В дом, который мы искали, Шерстнев попадал как-то ради одного стихийного концерта (жизнь юных интеллектуалов не ограничивалась тогда унынием исцарапанной гитары и каплями призраков, рисованных окурком, на штукатурке заброшенных подъездов). Именно Шерстнев знал, как можно проникнуть в этот небезопасный цеппелин, запаянный и замурованный со всех сторон уже пару десятилетий. Входом оказалась начинающаяся далеко от самого дома череда кирпичных гаражей, расположенная в пустынном внутреннем дворике. Надо было взбежать по широким зарубкам отвесного бревна, держась за отводную стену того же дома, за решетки его занавешенных окон, и по ковровой дорожке из рубероида скользнуть в окно второго этажа под уже отогнутый лист крашеного железа. Рухнувшие лестницы и битое стекло. Мы обходили комнаты вдоль разрисованных стен по осыпающейся кромке, тогда как в центре этих комнат зиял нижний этаж. Она сплетала ноги, заглядываясь на просвеченные потолки, по шее пробегала бледная венка.
— Волшебное место, — бормотала она, не опуская головы. Шерстнев грубо ловил ее у края шелестящей пропасти, и я уже начинал завидовать его проворству. — Здесь так хорошо было бы снять фильм. У меня есть знакомые актеры. Представьте только, как из вон той комнаты выходит флорентинец со свитком или дама начнет искать за этой самой кучей штукатурки своего горностая.
Ее кружение, танцующий шаг и душистая речь заставляли меня думать, будто мы видим не обнаженную дранку и концы ржавых труб по углам, не просто битый кирпич и коммунальную краску, а путти и апостолов, полустертые фрески среди лепных листьев на потолке или, по крайности, оживающие линии животных в первобытной пещере.
Шерстнев с восторгом определял местонахождение уборных и даже указывал осколки желтоватой керамики в пыли.
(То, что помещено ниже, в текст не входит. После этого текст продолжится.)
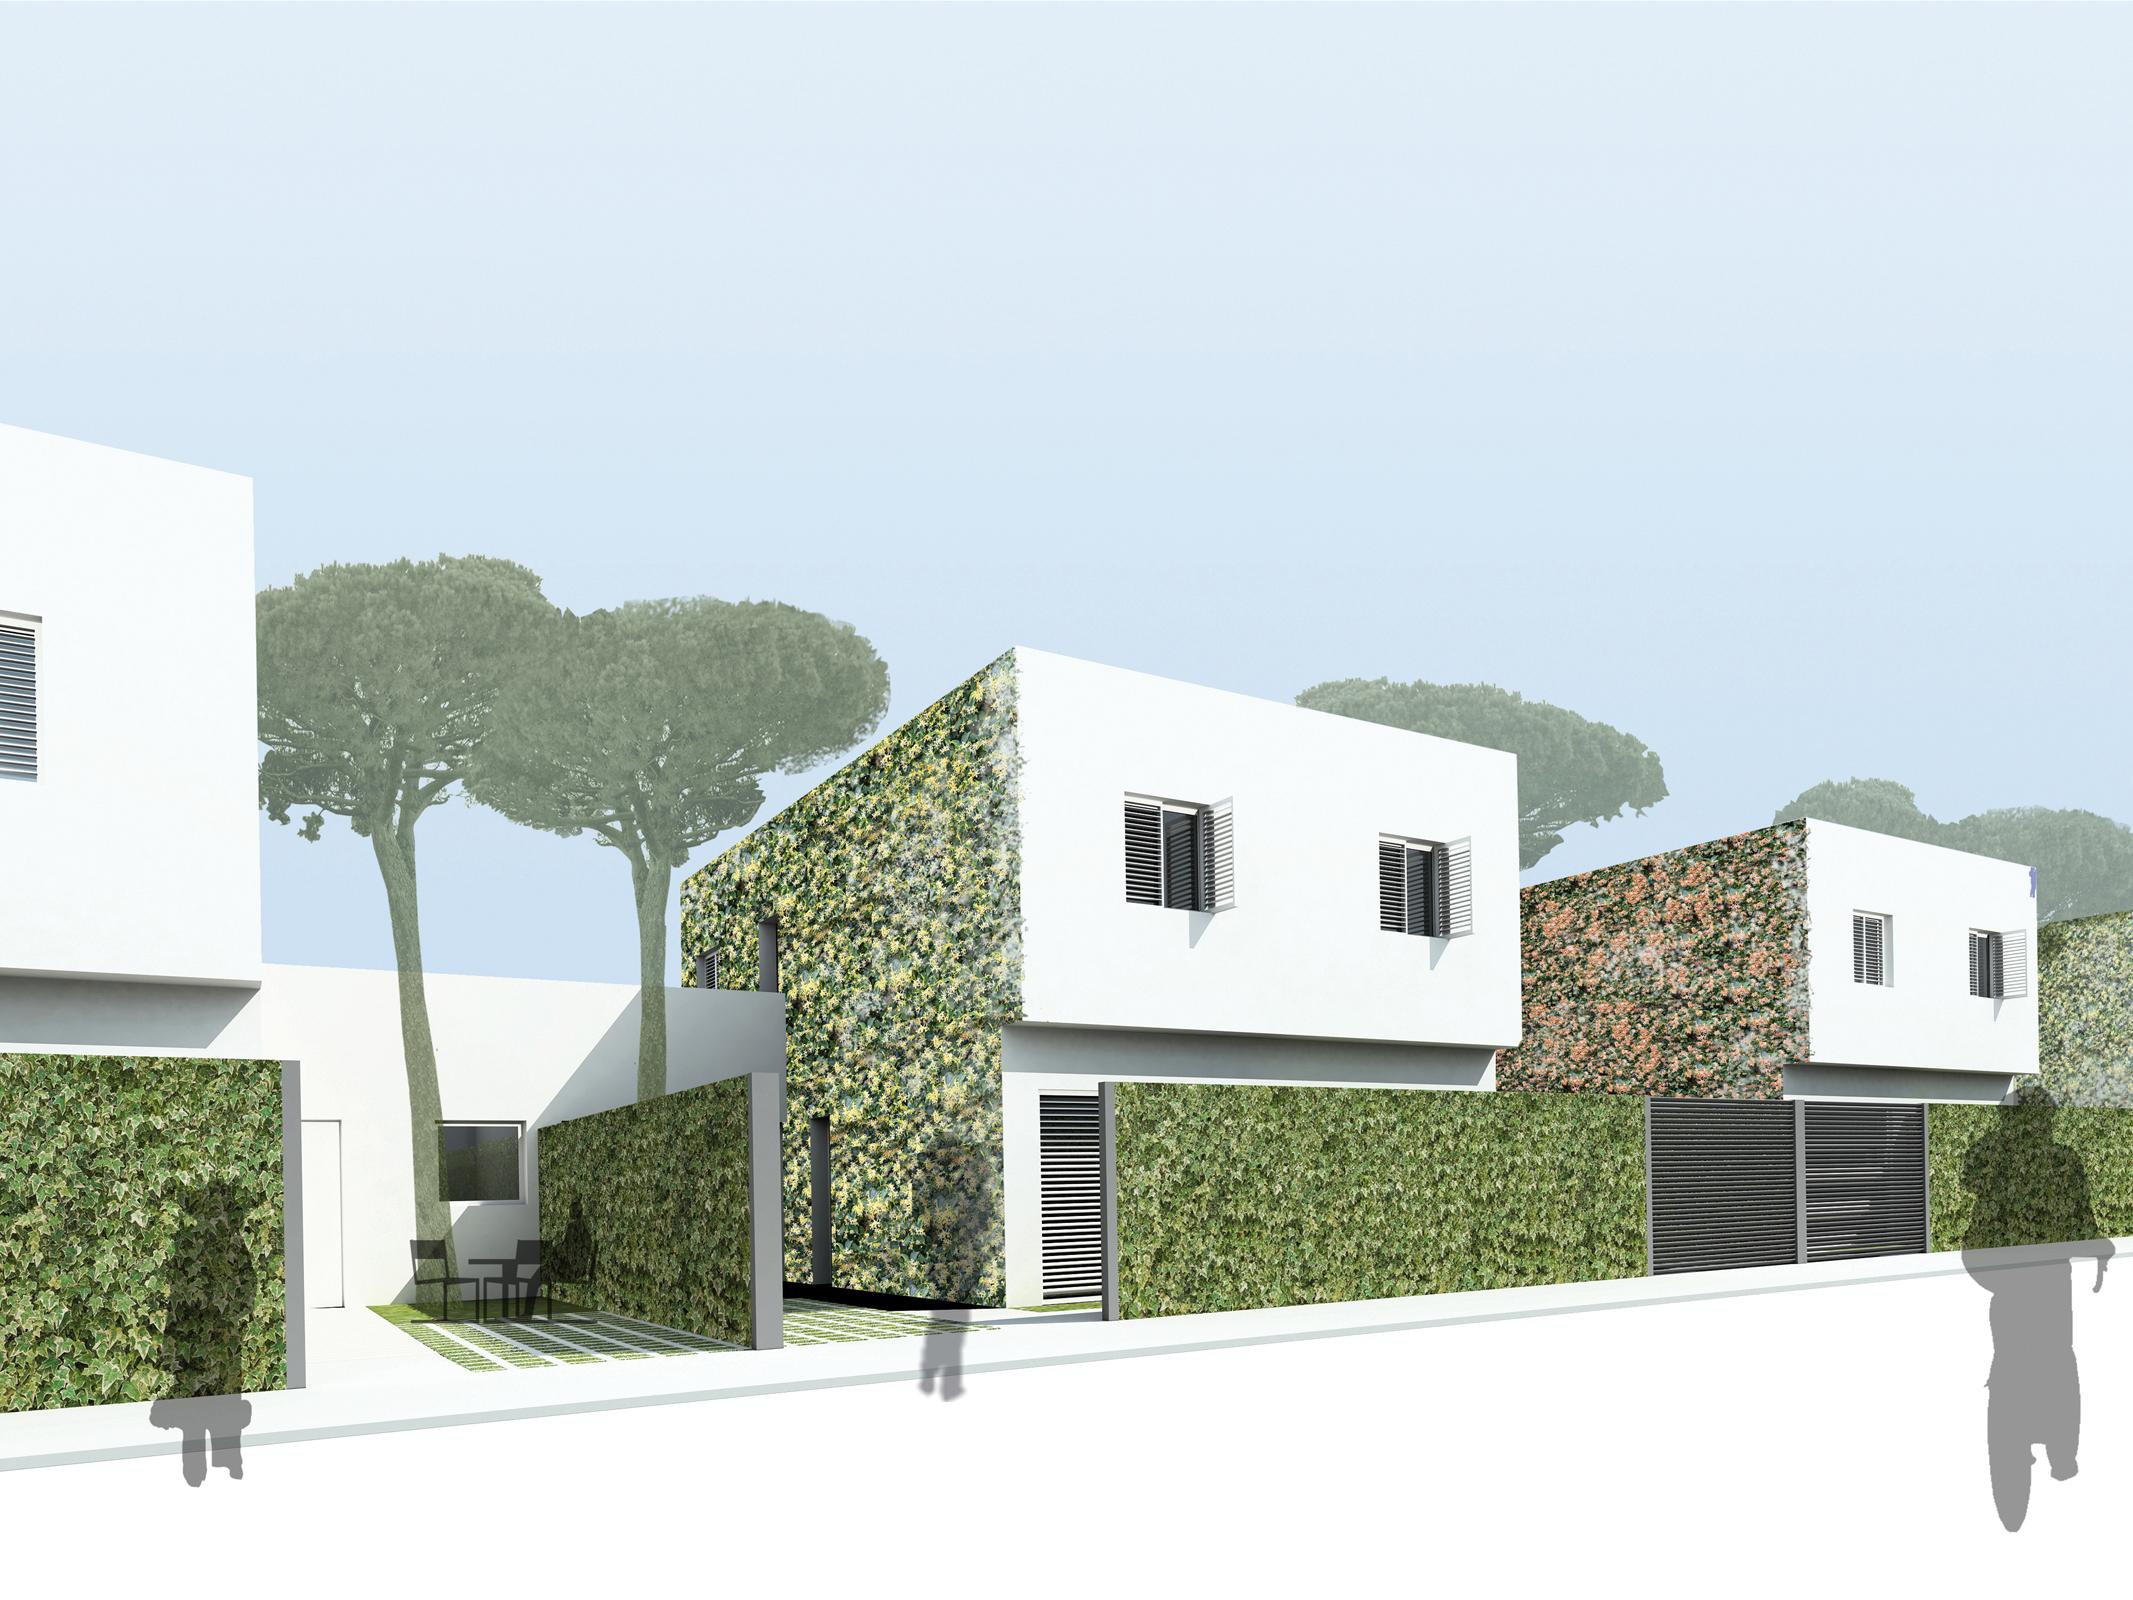 Vivienda social c rdoba roa arquitectura for Vivienda arquitectura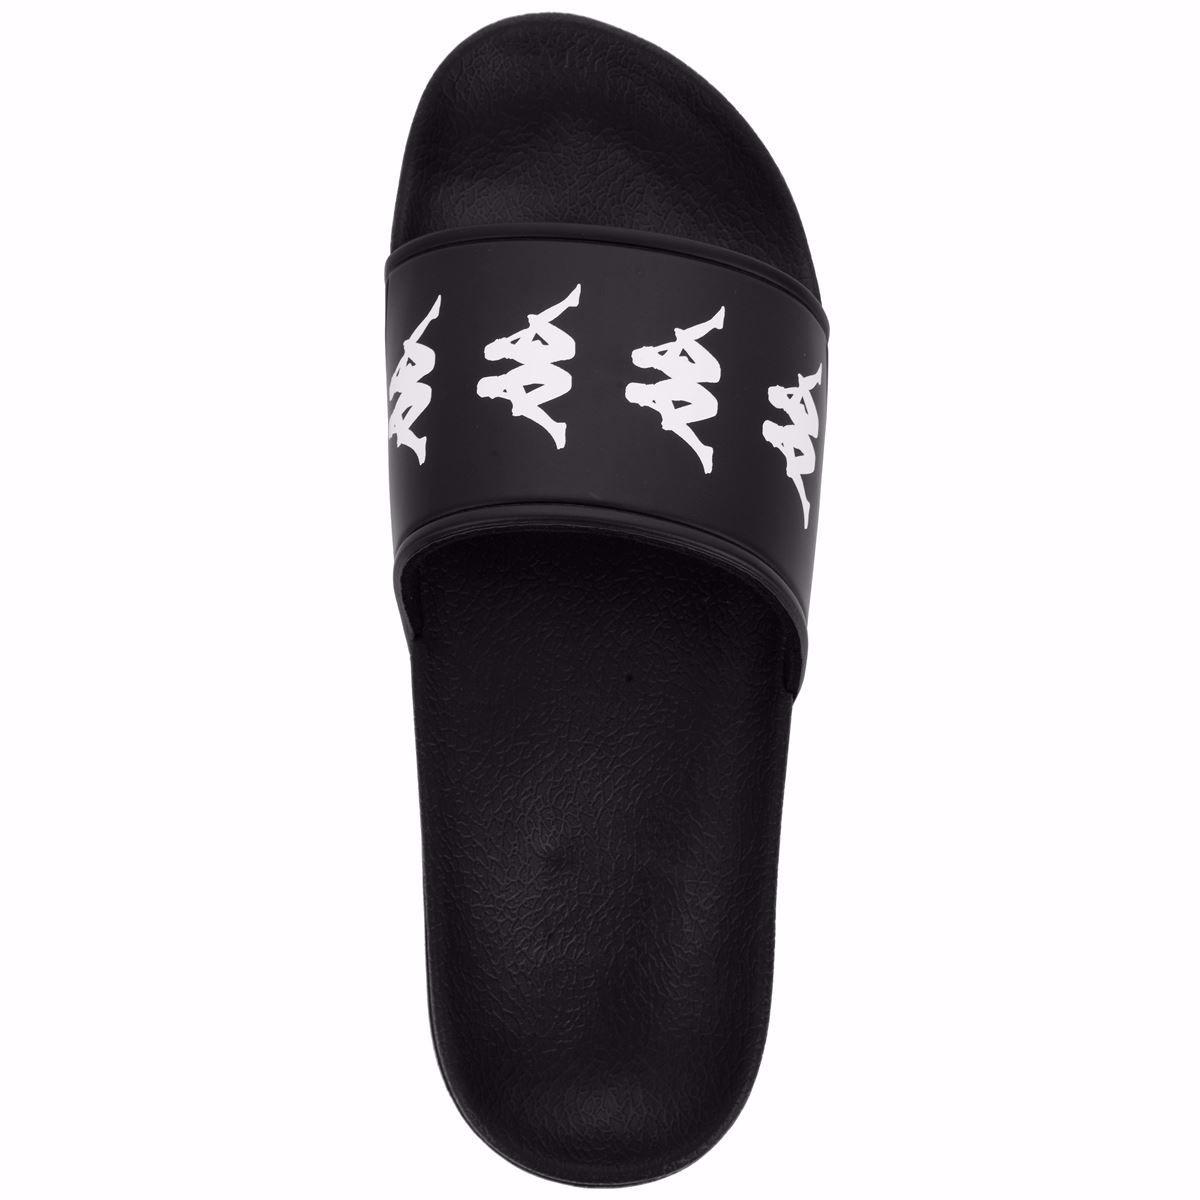 Kappa Flip Flops 304SQXO 900 Black

Она хохотала. На ногах ее были довольно высокие туфли со шпильками, ловко долавливающие остатки стекла на полу, штанины сиреневых брюк оканчивались с обеих сторон золотой ниткой по слишком уж восточному краю длинных разрезов. Меня всегда удивляла эта способность девушек не без удовольствия порхать среди куч мусора и ограничиться потом удалением пыльной паутинки с белоснежного рукава. Когда мы выбрались на воздух и я вместе с Шерстневым снял Юлию с крыши гаража, мои брюки были облачно посеребрены пылью, Шерстнев счищал желтый мел с колена. Мы кое-как привели себя в порядок, откашлялись от пыли, но алмазная резь — изнутри моих глаз, бронхов, артерий — потом уже не переводилась.
Решено было изменить путь отступления. Вместо того чтобы сквозь влажные тени смрадной подворотни, перетекающие со стен на асфальт, выйти прямо в слякотный грохот переполненной улицы, мы сделали еще один альпинистский трюк и за скромным деревянным забором в глубине двора открыли запущенный заросший дворик. Блестящие со всех сторон стекла, осыпавшаяся вокруг парадного входа штукатурка. На корточках перед самодельной скамейкой равнодушно сидел пожилой кошмарик: в курении задействованы большой и указательный, — особый выверт запястья — интимной стороной черной ладони на себя, когда вместе с разодранной об губы лохматой ножкой сигареты в рот лезут свободные пальцы; особая манера стаптывать тапочки и замызгивать майку. И среди этого — наш смех, путаница ее волос, блеск реки между тополем, высоким до ужаса, и неровно сточенным углом дома (непрерывный набор ангельских профилей). Мы склонились над нашими сумками, и, как только должны были столкнуться висками, она выпрямилась с пустыми руками. Оказалось, что Шерстнев уронил Юлину сумку по ту сторону забора и теперь мечтательной поступью отправился за ней через улицу.